EmuKit / emukit

A Python-based toolbox of various methods in decision making, uncertainty quantification and statistical emulation: multi-fidelity, experimental design, Bayesian optimisation, Bayesian quadrature, etc.
https://emukit.github.io/emukit/
Apache License 2.0
605 stars 128 forks source link

multi_fidelity_dgp #224

Closed Hebbalali closed 5 years ago

Hebbalali commented 5 years ago

Hi all!

I had some questions while testing the benchmarking on multi fidelity DGP.

1\ Inbaseline_model_wrappers.py The HighFidelityGp model which would only model the highest fidelity, take as inputs X[1]and Y[1] which is correct for a model with two fidelities. However, for example if the Branin or the Hartmann_3d benchmarks are used which have 3 fidelities theX[1] and Y[1] would correspond to the second fidelity. So, i think it would be X[-1]andY[-1] as inputs for HighFidelityGp.

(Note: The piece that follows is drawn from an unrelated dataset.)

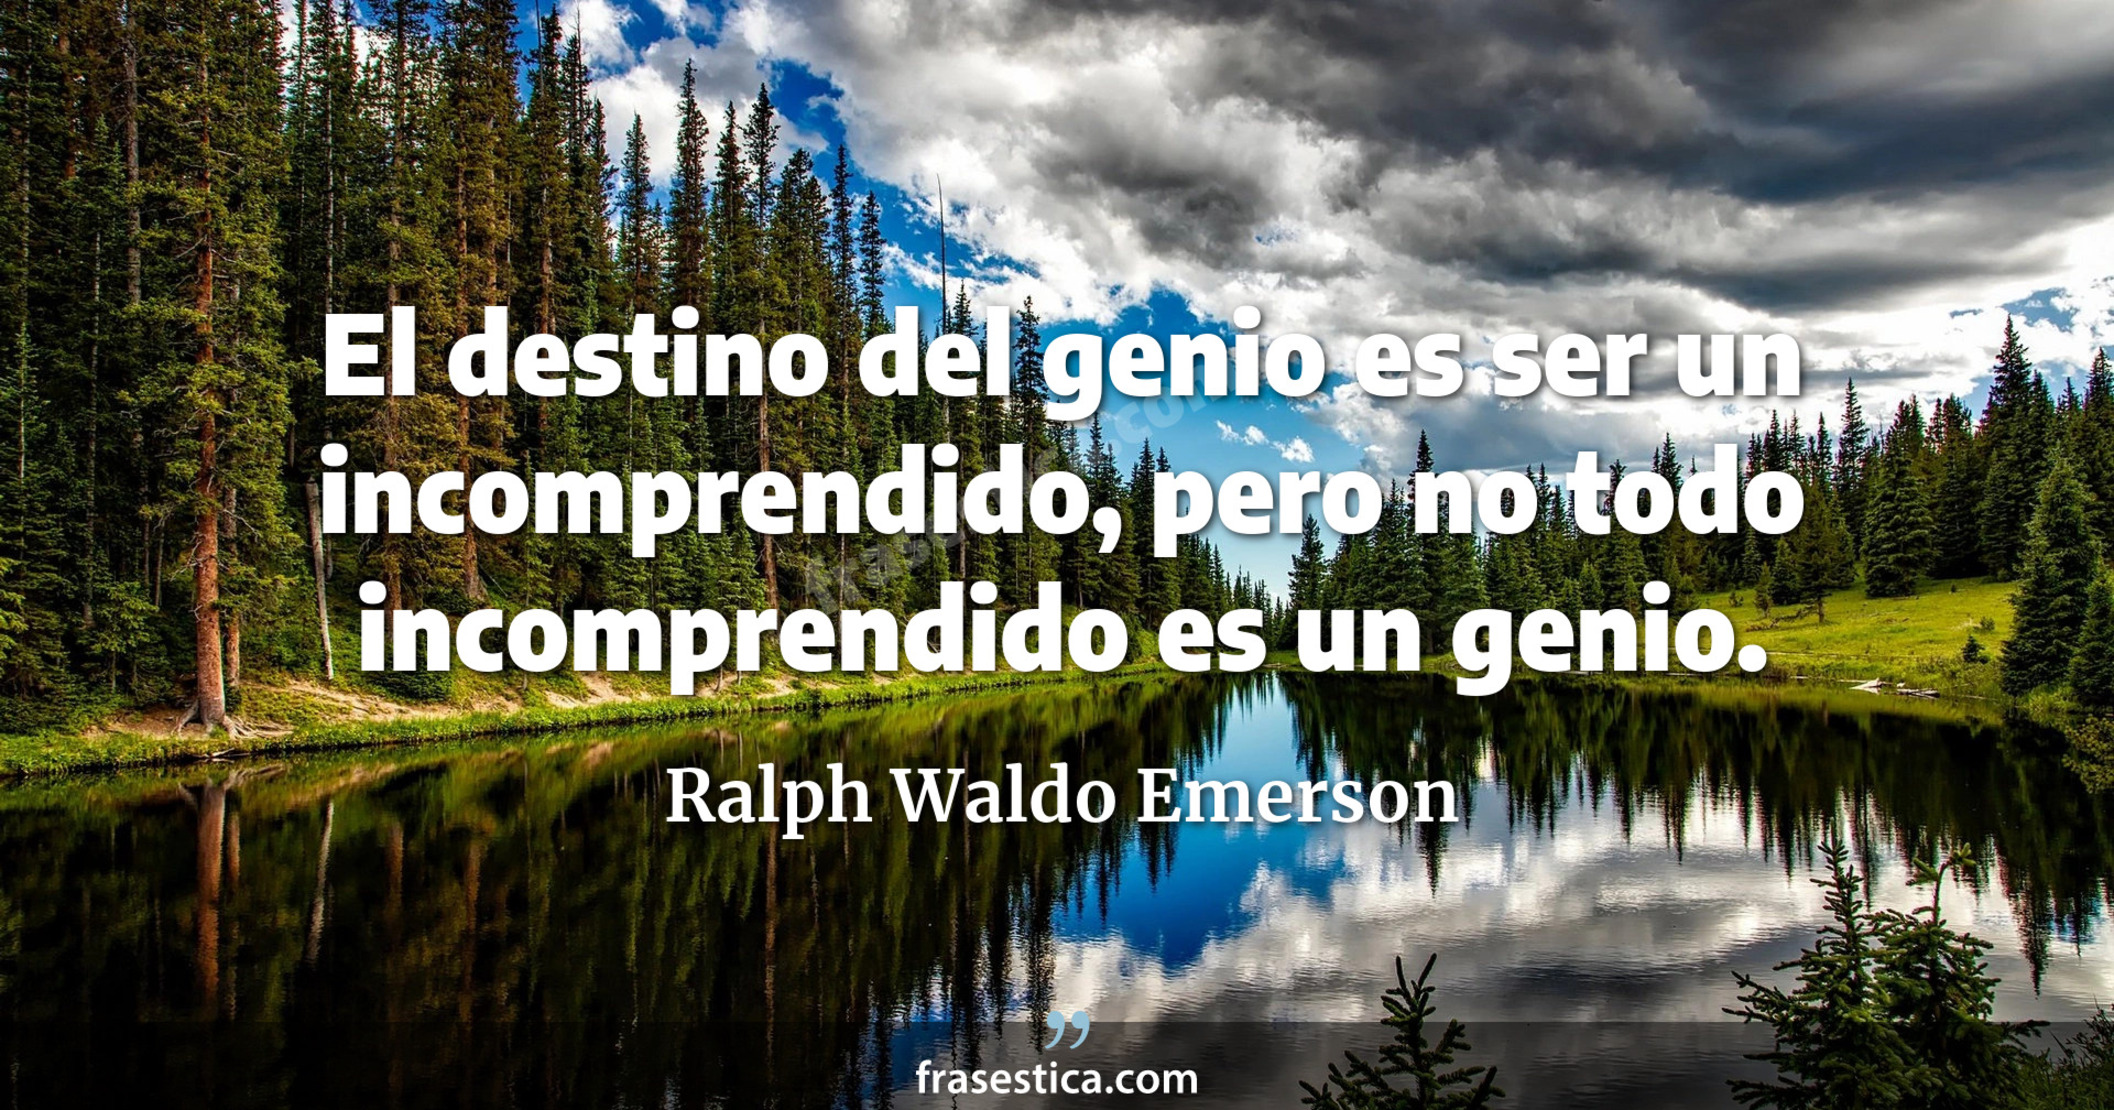 El destino del genio es ser un incomprendido, pero no todo incomprendido es un genio. - Ralph Waldo Emerson

2\ In benchmarking_examples.ipynbthe inputs and outputs fidelities are given as lists which are later transformed using convert_xy_lists_to_arrays insidebaseline_model_wrappers.py which merges the lists and adds a column with discrete values to X to distinguish the fidelities . However, in the sampling used in benchmarking_examples.ipynb with latin.get_samples a column is already added to the X of each fidelity corresponding to the InformationSourceParameter of the function. So i think there is no need in this case for this parameter since the sampling is used for each fidelity within its own list. Actually we obtain X for two fidelities as:

X
[array([[ 0.79166667,  0.29166667,  1.        ],
       [ 0.95833333,  0.875     ,  1.        ],
       [ 0.70833333,  0.625     ,  0.        ],
       [ 0.125     ,  0.125     ,  0.        ],
       [ 0.29166667,  0.45833333,  0.        ],
       [ 0.45833333,  0.79166667,  1.        ],
       [ 0.20833333,  0.54166667,  1.        ],
       [ 0.375     ,  0.95833333,  0.        ],
       [ 0.875     ,  0.20833333,  1.        ],
       [ 0.04166667,  0.375     ,  0.        ],
       [ 0.54166667,  0.70833333,  0.        ],
       [ 0.625     ,  0.04166667,  1.        ]]), array([[ 0.5,  0.9,  0. ],
       [ 0.1,  0.7,  1. ],
       [ 0.9,  0.3,  0. ],
       [ 0.7,  0.5,  1. ],
       [ 0.3,  0.1,  0. ]])]

It seems to me that here the last column does not give any additional information. And the information about which fidelity is already in the list. Moreover, this can create modeling problem, because when using a model the function convert_xy_lists_to_arrays is used which will create the column corresponding to each fidelity hence having an X with four columns while the input dimension is only 2. Then the three first columns will be used for modeling the interactions within a fidelity (including the third one).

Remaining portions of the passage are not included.